I am riding an Arbor 158 Element CX (camber) for the first time this year. It has a 25.2 cm waist width and I got some Med/Large Union SL and 10.5 Burton reduced foot print boots to with it. I decided to go with a 15 -6 stance angle and use the manufacture recommend binding center.

So the question is. I am trying prevent toe and heel drag and center these bindings and boots. Should I be focusing on centering the Heel and Toe to the binding or the boot. Should I be going to the outer most point and using that ? I am trying to minimize toe and heel drag. That said I will be only riding on the east coast for now so no really deep pow. My rocker board is a bit wider and I didn't have this problem before. 

It seems like I can get almost 65 degrees or more...almost 70 degrees.

I think I should look at a wider board next time


----------



## jdang307 (Feb 6, 2011)

Center the boot to the board.

Not sure about toe drag with those specs.


----------



## tonyisnowhere (Sep 24, 2012)

jdang307 said:


> Center the boot to the board.
> 
> Not sure about toe drag with those specs.

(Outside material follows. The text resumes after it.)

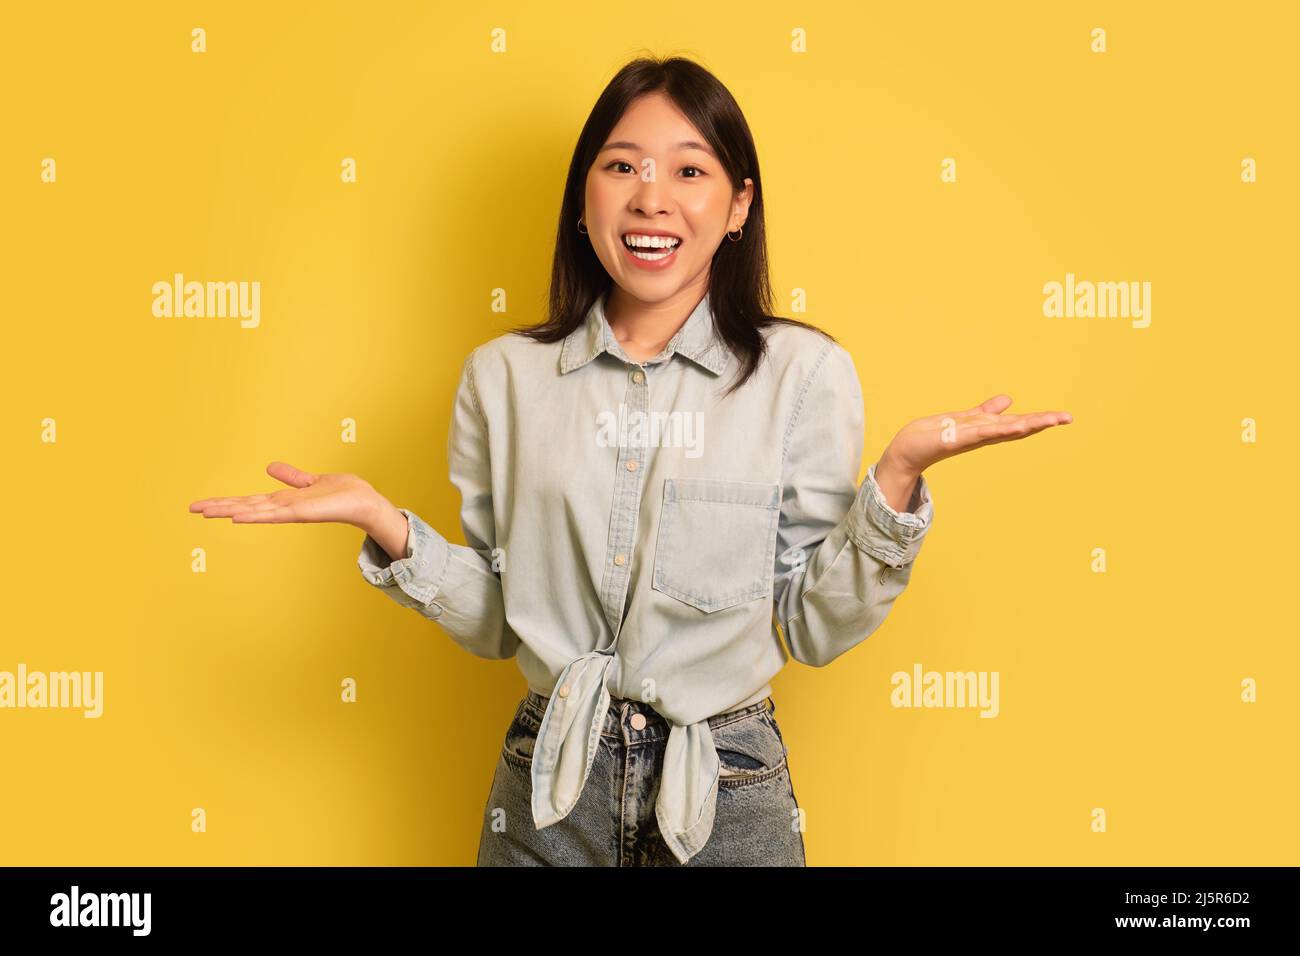 Je ne sais pas. Une jeune femme asiatique perplexe en haussant les épaules et en souriant à l'appareil photo sur fond jaune de studio Banque D'Images

It is weird that some say to center the outer most point right ? I mean the heel cup is really high up and if anything I think it is more likely to have toe drag rather than heel...:dunno:


----------



## jeephreak (Nov 18, 2012)

Agree, I have toe drag way more often than heel drag. Gas pedals are a must. Most bindings have them built in now so unless you're rocking size 11+ at 0, 0 on a ski, you should be 'okay.' 

I ride +/- 15 and have both my bindings set back toward the heel edge a bit more to minimize toe drag. I like to bolt the bindings up loosely with boots strapped in and mess around with toe/heel edge stance a bit to find a happy balance.


----------



## tonyisnowhere (Sep 24, 2012)

Here is a quick install just to see what I am dealing with. Maybe I am over analyzing...


all pics are of the back binding that is set to about -6


----------



## Ups_Biker33 (Sep 16, 2012)

If your v""""" is anything like my hand, then there will be "No Problem"

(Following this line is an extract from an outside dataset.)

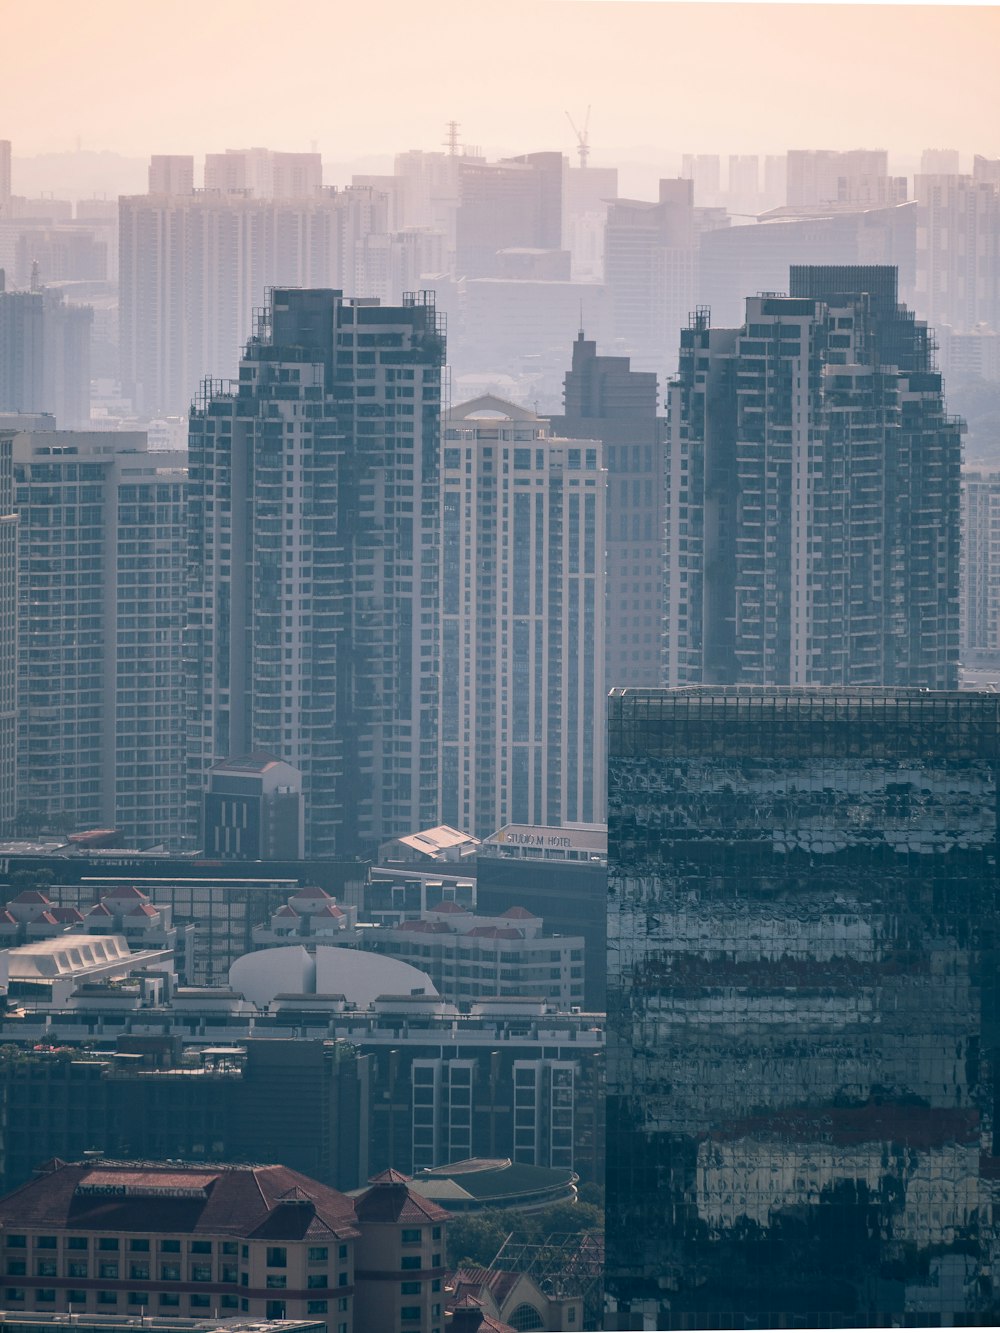 회색조 사진으로 보이는 고층 건물

If your vagina is anything like my hand, there will be no problem - YouTube


----------



## jeephreak (Nov 18, 2012)

looks normal to me, Id be surprised if you end up really battling with toe drag. Are you hanging it over and carving hard? If so I'd mess with a little more angle front and back. If you are carving all around the mtn you can get into a way more aggressive stance to accommodate that riding style.


----------



## hktrdr (Apr 3, 2012)

tonyisnowhere said:


> Here is a quick install just to see what I am dealing with. Maybe I am over analyzing...
> 
> 
> all pics are of the back binding that is set to about -6


There is no problem with your set-up at all. Many people ride with much more overhang. In fact, any less overhang and the board is likely too wide (although that really depends on the boot).


----------



## tonyisnowhere (Sep 24, 2012)

Ups_Biker33 said:


> If your v""""" is anything like my hand, then there will be "No Problem"
> 
> If your vagina is anything like my hand, there will be no problem - YouTube


:laugh: hahah WTF was that !? haha


----------



## jeephreak (Nov 18, 2012)

Its from the movie your highness. funny flick:thumbsup:


----------



## zeeden (Sep 29, 2008)

Looks good to me.... I have more overhang than you and never had any problems with toe drag.


----------



## tonyisnowhere (Sep 24, 2012)

Thanks all, I am using this board for groomer mountain riding mainly bombing and carving so that is why it is such an important issue to me. 

thanks again I will keep ya all posted when I finally get on a hill.


----------



## tonyisnowhere (Sep 24, 2012)

zeeden said:


> Looks good to me.... I have more overhang than you and never had any problems with toe drag.



It measures about 1 inch or more to the boot much more if you measure the heal cup. The pics really don't show as much as it seems in person. Just curious where your boots are measuring at. Can you still carve with your set up? thanks again!


----------